- Company Name
- BNY
- Job Title
- Senior Vice President, Site Reliability Engineer
- Job Description
-
**Job title**
Senior Vice President, Site Reliability Engineer
**Role summary**
Lead the Site Reliability Engineering function, defining reliability standards, automating infrastructure, and ensuring scalable, highly available services for a global cloud environment. Work closely with product, infrastructure, and DevOps teams to reduce incidents, embed a reliability-first culture, and drive continuous improvement in operations and tooling.
**Expectations**
* Deliver measurable reliability outcomes through SLOs, SLIs, and error budgets.
* Own incident management, post‑mortem analysis, and proactive system hardening.
* Mentor and grow SRE teams, fostering collaboration across engineering disciplines.
**Key responsibilities**
* Define and enforce SLOs/SLIs, execute reliability reviews, and track error budgets.
* Automate infrastructure provisioning and deployment pipelines using Terraform, Helm, and Kubernetes.
* Build and maintain observability platforms with Prometheus, Grafana, AppDynamics, Splunk, and Datadog.
* Own incident response lifecycle: on‑call participation, root‑cause analysis, automated recovery, and post‑mortems.
* Design and implement highly available, fault‑tolerant cloud architectures on Azure, AWS, or GCP.
* Develop platform tooling for container orchestration, third‑party integrations, and cloud‑native operations.
* Represent SRE best practices in cross‑functional initiatives, promoting reliability as a core product quality metric.
**Required skills**
* Cloud platforms: Azure, AWS, or GCP – expertise in design, deployment, and operational monitoring.
* Containerization and orchestration: Docker, Kubernetes, Helm.
* Infrastructure as Code: Terraform, Kubernetes manifests, and CD pipelines.
* Observability tools: Prometheus, Grafana, AppDynamics, Splunk, Datadog.
* Programming/scripting: Python, Go, or Java with focus on automation and tooling.
* SRE fundamentals: SLO/SLI/SLAs, error budgeting, incident lifecycle, post‑mortems, reliability‑driven architecture.
* Strong communication, leadership, and collaboration skills in Agile environments.

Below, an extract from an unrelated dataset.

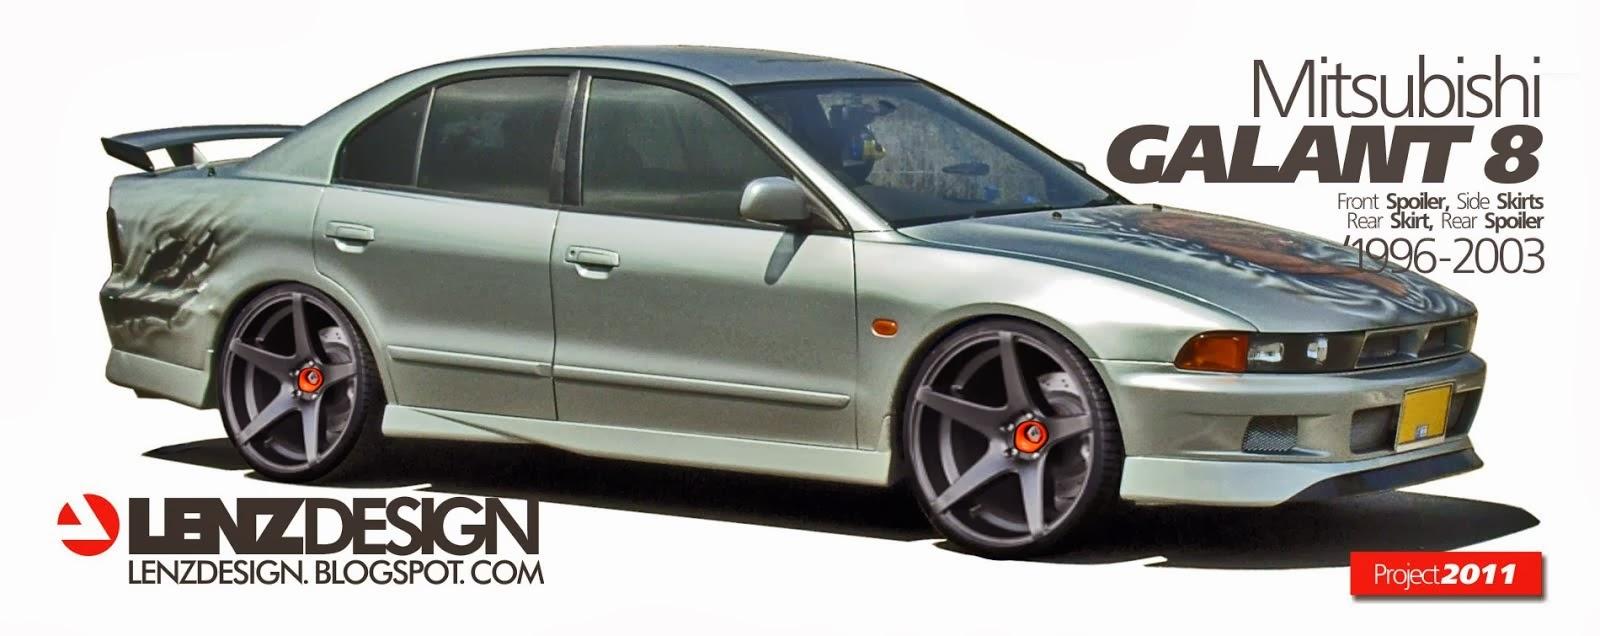 Mitsubishi Galant 8  '1996-2003

**Required education & certifications**
* Bachelor’s degree (or higher) in Computer Science, Engineering, or a related field.
* Preferred certifications:
* AWS Certified Solutions Architect – Professional or Architect – Associate
* Microsoft Certified: Azure Solutions Architect Expert
* Google Cloud Professional Cloud Architect
* Certified Kubernetes Administrator (CKA) or Kubernetes Application Developer (CKAD)
* Any relevant SRE or DevOps certifications (e.g., Google SRE, SysOps Administrator).
Manchester, United kingdom
On site
Senior
24-11-2025